Being mightily bored on Saturday after spending several hours removing a busted gearbox out of my trusty...ish
1971 Landrover,
I called the troops and Myself and the Mrs headed off to Hendre spar mine in Norf Wales ...
First visit AND boy were we about to be impressed .

Be aware if you are not keen on ladders this probably isnt a trip for you ...IF you dont mind ladders it's a small but perfectly formed explore with a nice sprinkle of epicness .

Plenty of history out there on Hendre as it only closed in 1981 employing @7 men extracting spar and calcite for use in the manufacture of everything from steel to toothpaste and refrigerants .

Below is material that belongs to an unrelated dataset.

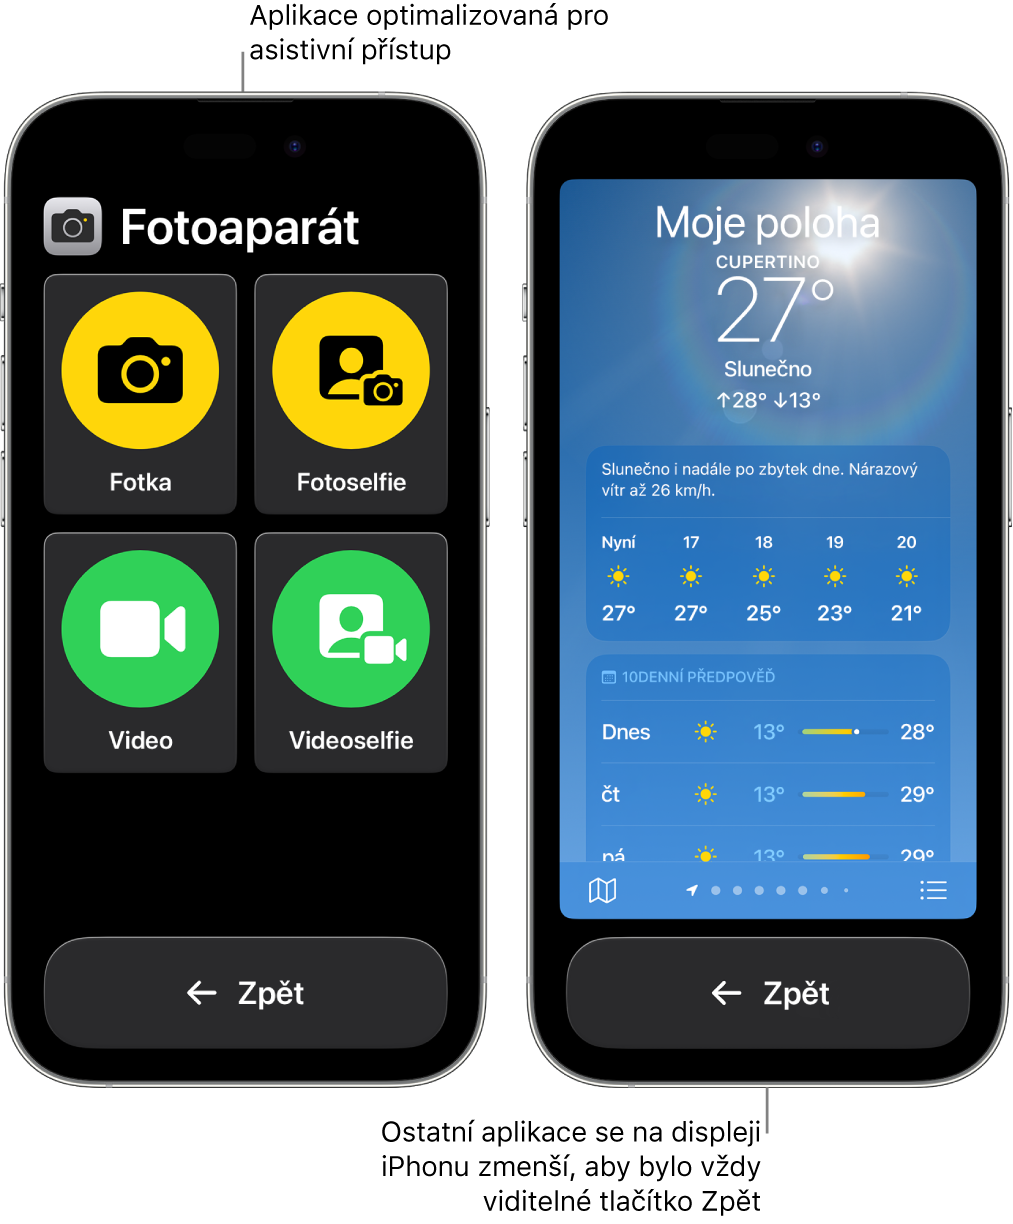 Dva iPhony v asistivním přístupu. Na prvním iPhonu je vidět aplikace s velkou mřížkou tlačítek navržená pro asistivní přístup. Na druhém iPhonu je zobrazená aplikace, která nebyla navržena pro asistivní přístup, a má standardní uživatelské rozhraní. Tato aplikace se na displeji zobrazuje menší a pod ní je zobrazené velké tlačítko Zpět.

Stunning in there AND some plenty big chamberage


----------



## flyboys90 (May 6, 2014)

Amazing climb down to the lower levels!cracking photos thanks for sharing.


----------



## oldscrote (May 7, 2014)

That's a very big and very impressive hole,loved the cave pearls.Thanks for sharing


----------



## mistericeman (May 8, 2014)

Cheers guys ....

It was a great day out (Well more like half a day) ...Finding that your local shop has flogged you two packs of duff batteries that morning for your camera was a tad upsetting to be honest ....
mind least id got some shots on the way to the bottom .


----------



## Onmyown (May 13, 2014)

Fantastic location and some great shots,thanks for sharing


----------